What does the word Euclid mean?

Euclid was the name of an influential Greek mathematician. Accordingly, the term “Euclidean” refers to things that he contributed to the field of mathematics (e.g., Euclidean geometry or the Euclidean algorithm).

Euclid was a Greek mathematician who lived around 300 BC.

Euclidean is usually used as part of the phrase Euclidean geometry, which is the geometry most of us learned in high school. The ancient Greeks invented the concept of a formal proof and used it to develop the geometry of lines and circles. Euclid worked in the library of Alexandria. He wrote a text compiling the geometry that had been developed. He quite likely made some additional contributions, but we don’t have enough information to determine this. Part of the problem is that Euclid’s work became so popular that it drove out everything else.
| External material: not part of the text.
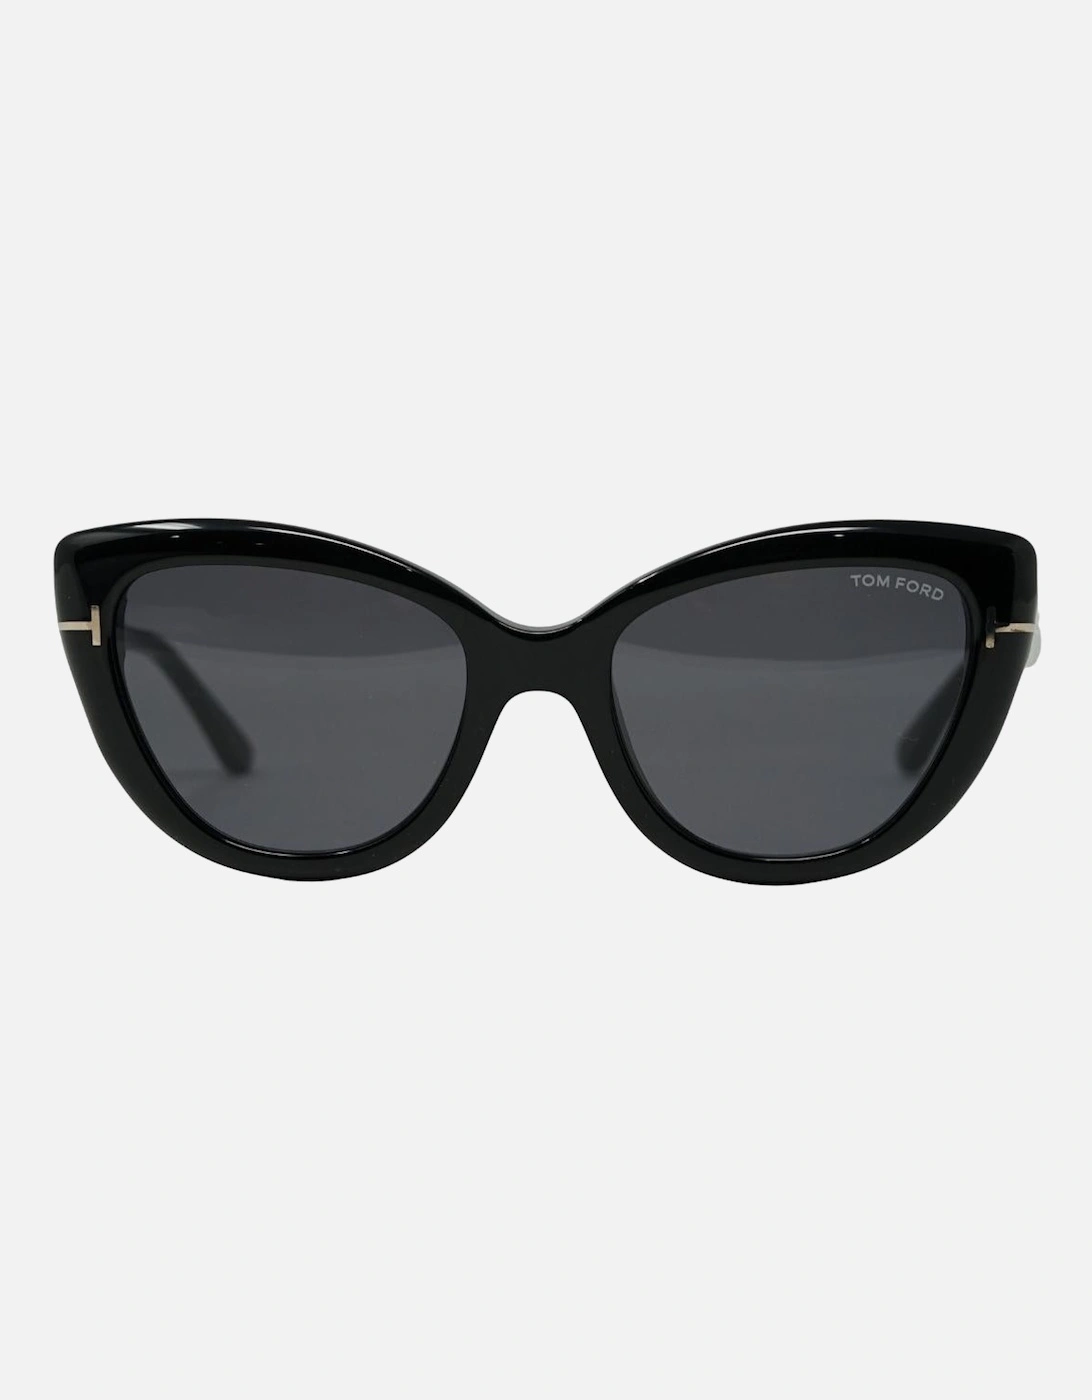 Anya FT0762 01A Black Sunglasses, 4 of 3

You may be wondering if there is such a thing as non-Euclidean geometry. The answer is yes and, although most people are not aware of it, the development of non-Euclidean geometry was a major mathematical breakthrough. Euclid carefully built up his work from a set of axioms. One of his axioms is called the parallel axiom. It says that, in a plane, given a line and a point not on the line, there is exactly one line that goes through the given point that is parallel to the given line. Many people were displeased with Euclid’s parallel axiom. They thought that it should not be an assumption, but should instead be provable from the other axioms. Euclid turned out to be correct. A geometry can be created that has infinitely many lines through a point and parallel to a given line. Of course, the lines in this geometry do not correspond to what we think of lines, but they satisfy all Euclid’s axioms.

The development of non-Euclidean geometry led to the separation of mathematics and science. Euclidean geometry is the geometry of our immediate experience of the natural world. The Greeks saw no reason to distinguish mathematics from science. The advent of non-Euclidean geometry allowed mathematics to separate itself from the natural world. The great irony is that a type of non-Euclidean geometry was used to model the theory of relativity.

The name is derived from Εὐκλείδης , which means “glorious”